C# Lambdas: A Code Teardown
Continuing in my series of teardowns, I took some time to do an assembly language teardown of some C# code that uses lambdas in a very simple way. The disassembled code below is a release build for Windows, so it uses the Windows ABI.
The complete source code for the test case is as follows:
using System;
class MyProgram
{
static void call_functor(Action<int> func)
{
func(1000);
}
static void functors_test()
{
int a = 1;
var x = (int x) =>
{
Console.WriteLine("f1 {0}", a + x);
};
call_functor(x);
}
static void Main(string[] args)
{
functors_test();
}
}
Now we know that .NET binaries include significant overhead for garbage collector information, for exception handling and for class metadeta. This is magnified for toy examples so one should take the percentage of overhead here with a large grain of salt. However, the code quality situation and the heap situation is pretty representative of what goes on in .NET more generally and there are no array bounds checks here. A helper function is used which hides the cost of the write-barrier code but this is fair in that the cost to any given user is a call instead of a store — at least from a size perspective.
Analysis
Let’s dig into this code, we’ll look at ‘Main’ first. It doesn’t play a part in the comparison because in the rust example the equivalent of functors_test
was main
(i.e. there was no helper). But still it's easy and it's a place to start.
// this is the code for main, it's 15 bytes
static void Main(string[] args)
{
functors_test();
// this the standard preamble for a standard static function
// note that it reserves the extra home storage space on the
// for callees per the Windows ABI
00000F7CF0 sub rsp,28h
00000F7CF4 call CLRStub[MethodDescPrestub]@0de3e8 (00DE3E8h)
// I dunno why we need this, maybe alignment for EH or something...
00000F7CF9 nop
// cleanup and return
00000F7CFA add rsp,28h
00000F7CFE ret
// assorted GC Info and other metadata stuff (33 bytes)
0xF7CFF 0xF7D20 [stuff]
OK that was simple enough, a little 15 byte baby function.
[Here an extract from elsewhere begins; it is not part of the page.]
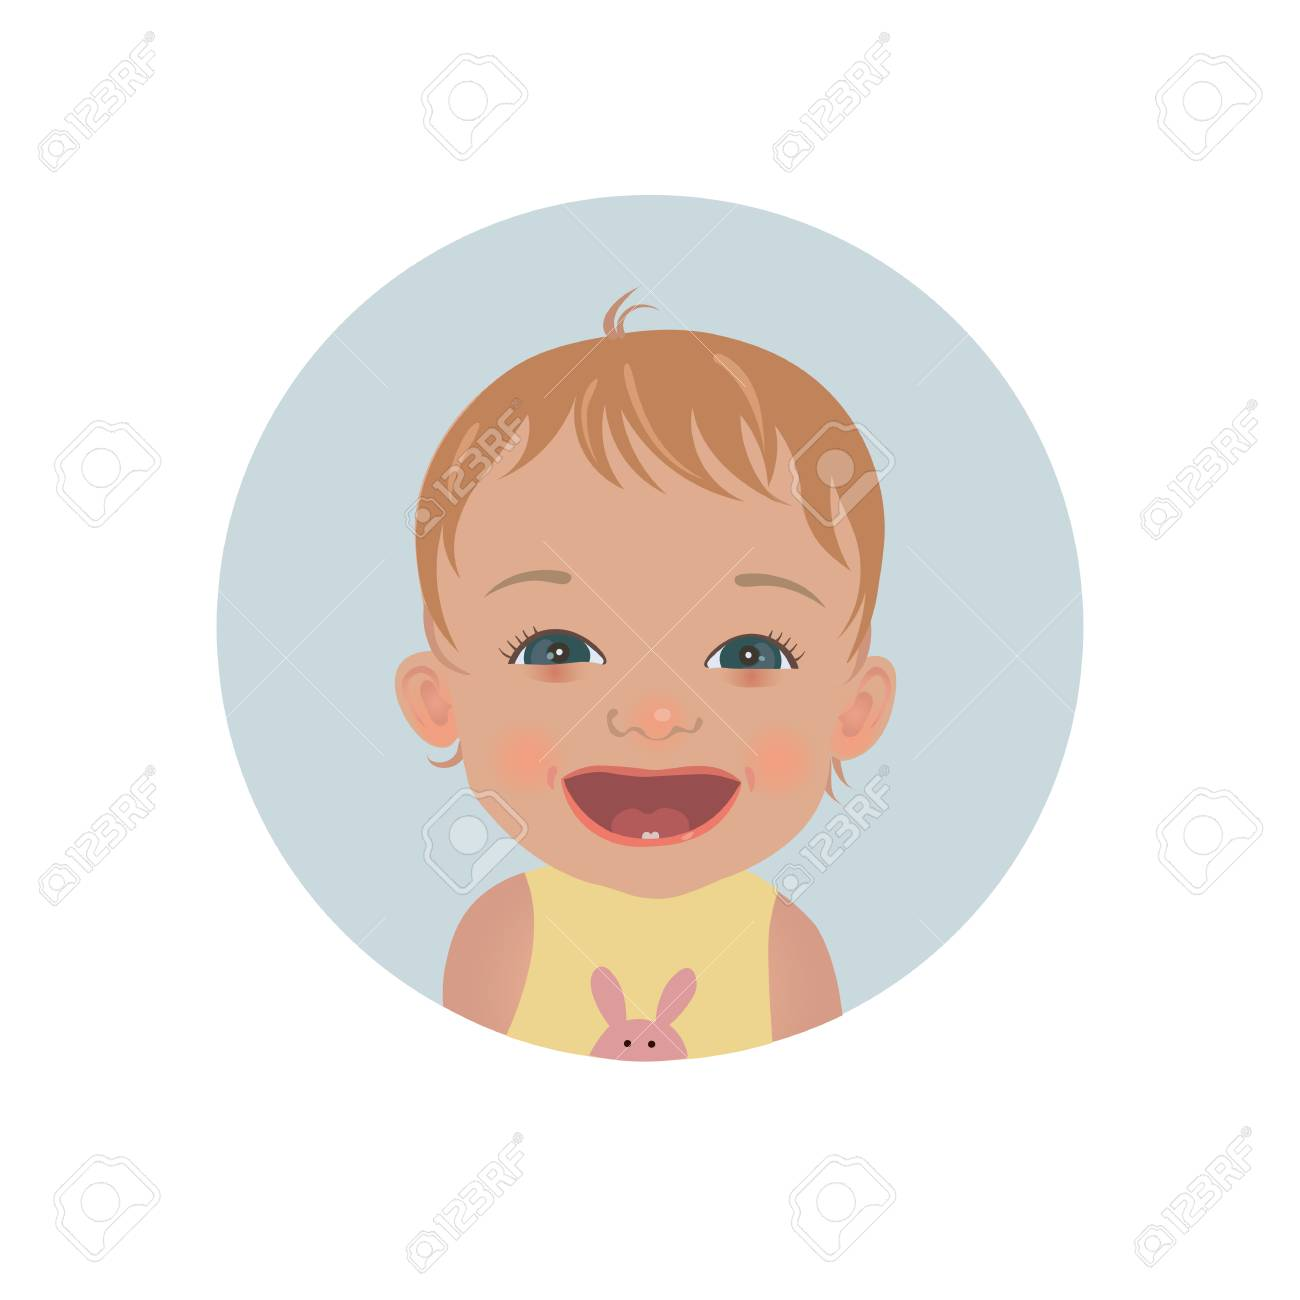 happy baby emoticon smiling child emoji cute cheerful toddler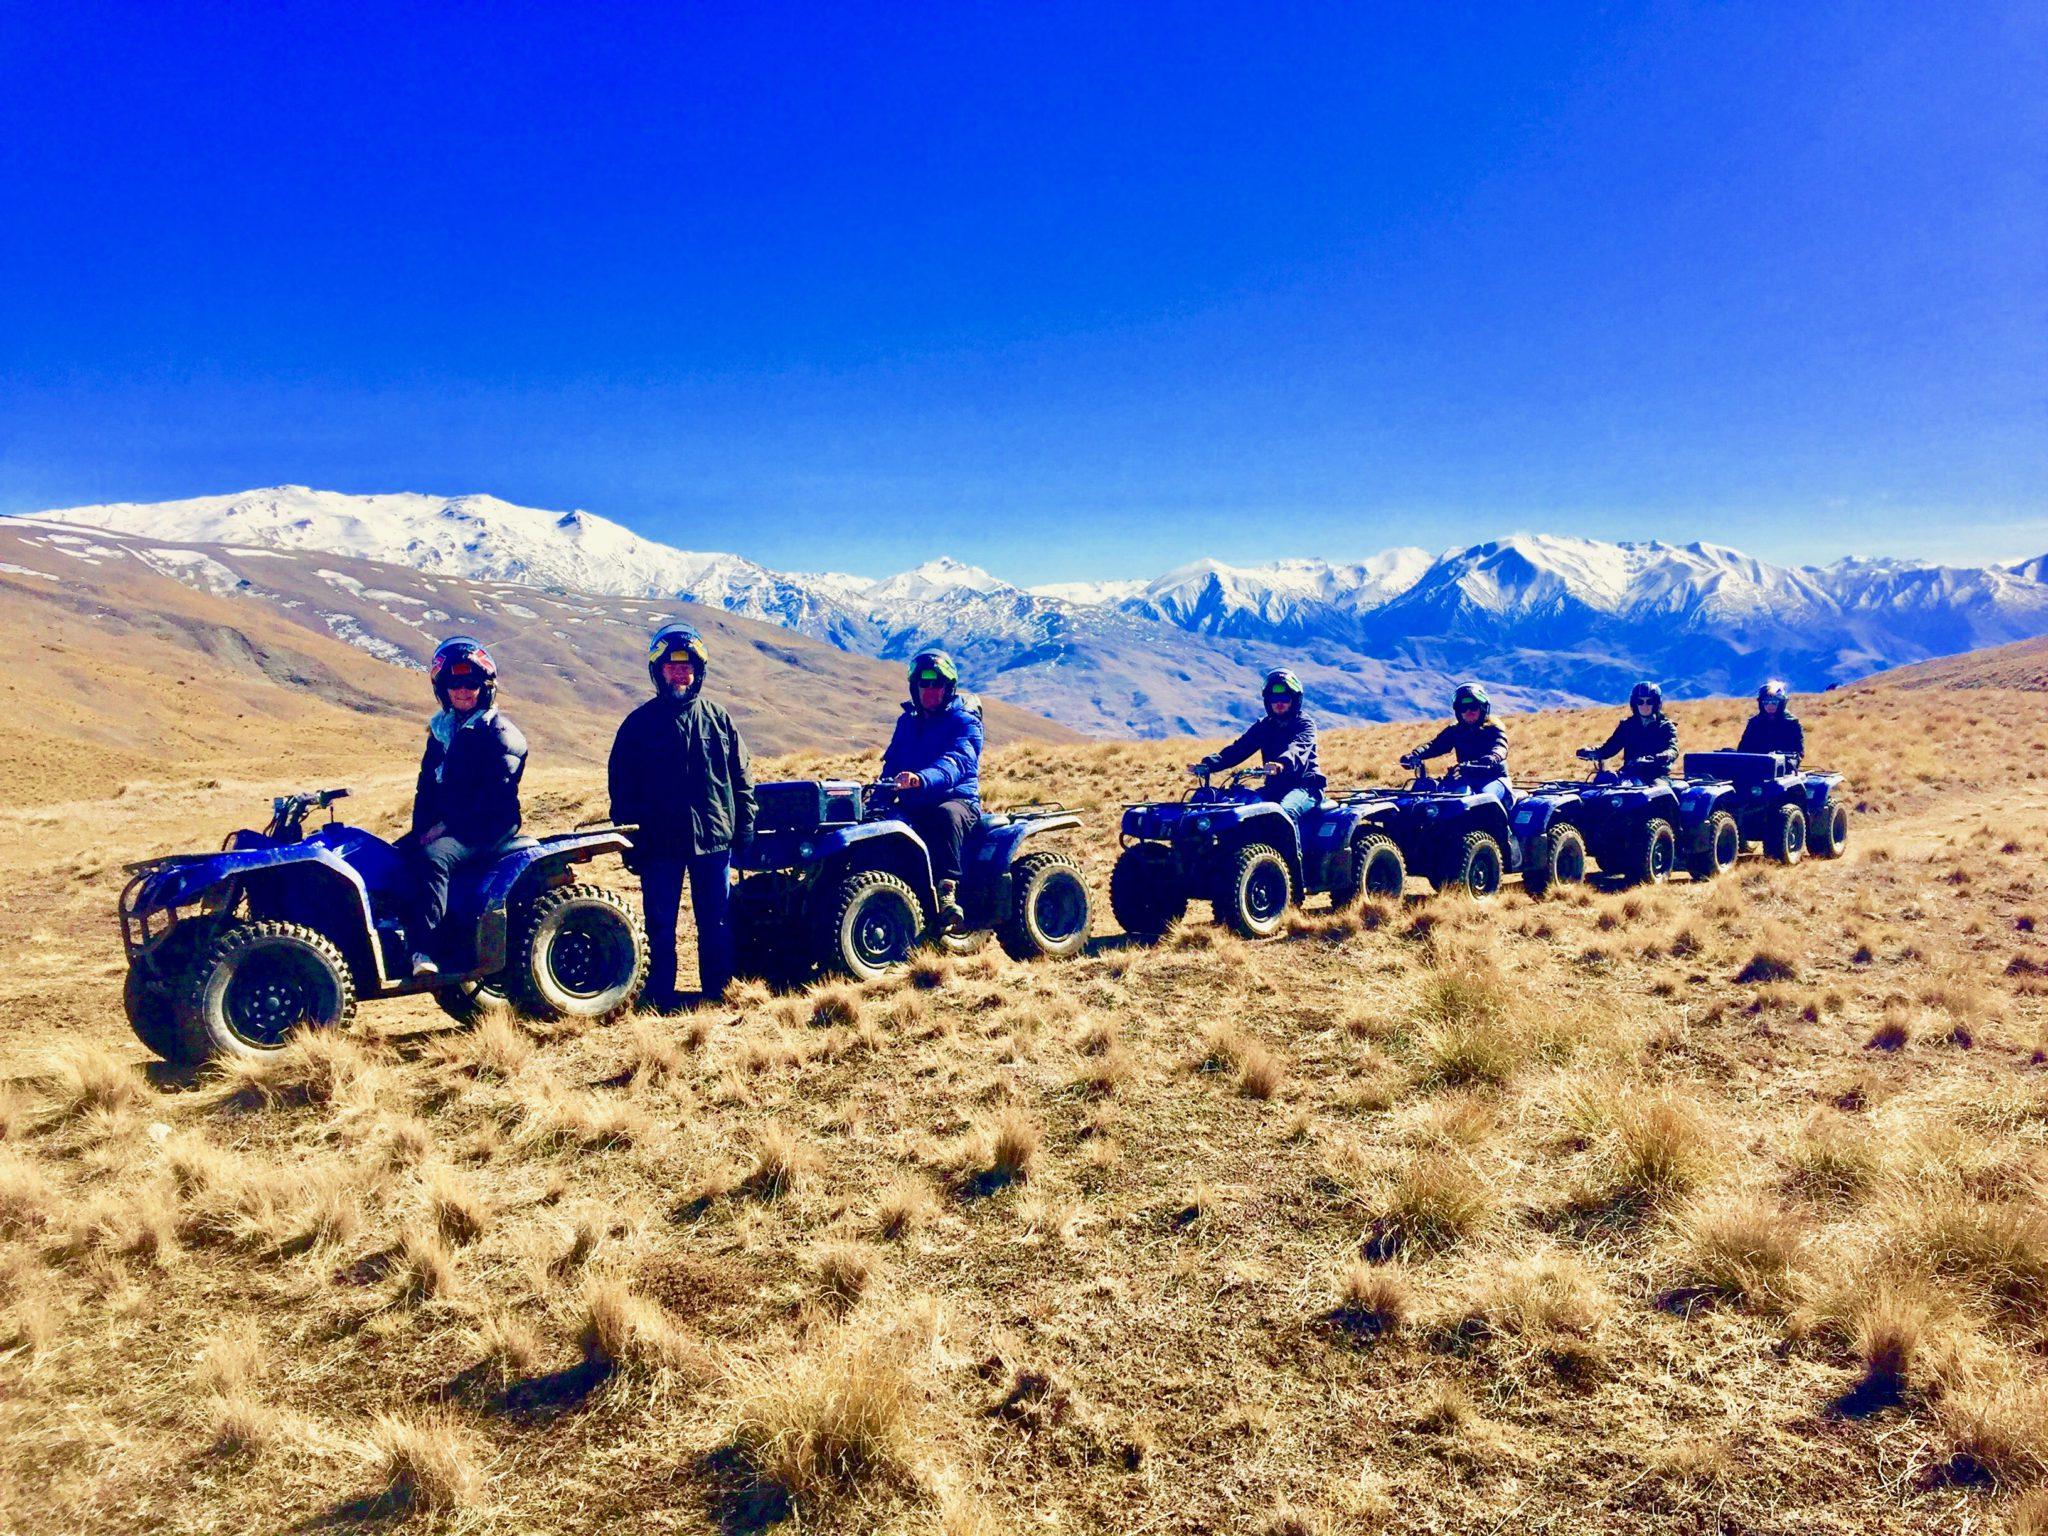 2hr Wanaka Mountain Quad Bike Tour: Quad Biking in New Zealand

Now that we’ve got our feet wet let’s look at our first “real” function. Here is functors_test
.
// this function is 72 bytes
static void functors_test()
{
int a = 1;
// standard register storage and home storage reservation
00000F7D20 push rdi
00000F7D21 push rsi
00000F7D22 sub rsp,28h
// here we make a our shared frame object for captured values
// and store the constant 1 in it, note that the locals
// were hoisted onto the heap because in .NET lambda capture
// is always by reference
00000F7D26 mov rcx,212AA0h
00000F7D30 call CORINFO_HELP_NEWSFAST
00000F7D35 mov rsi,rax
00000F7D38 mov dword ptr [rsi+8],1
// here we make our lambda object
00000F7D3F mov rcx,212D38h
00000F7D49 call CORINFO_HELP_NEWSFAST
00000F7D4E mov rdi,rax
// this is where the captured state will go in the lambda object
00000F7D51 lea rcx,[rdi+8]
// rsi had our shared frame object we have to stash it into
// the lambda that we just made
00000F7D55 mov rdx,rsi
00000F7D58 call CORINFO_HELP_ASSIGN_REF
// now we need to stash the target address of the stub
// that is the actual body of our lambda
00000F7D5D mov rcx,offset CLRStub[MethodDescPrestub]@0f7770
00000F7D67 mov qword ptr [rdi+18h],rcx
// we have a valid lambda at this point, we can use it!
call_functor(x);
Note that we needed two heap allocations here, one for the lambda object (remember every lambda is an anonymous class) and we needed another for the captured locals. In .NET the captured locals are hoisted into a heap object that will be shared by all lambdas defined in the function. This is how capture by reference works in .NET.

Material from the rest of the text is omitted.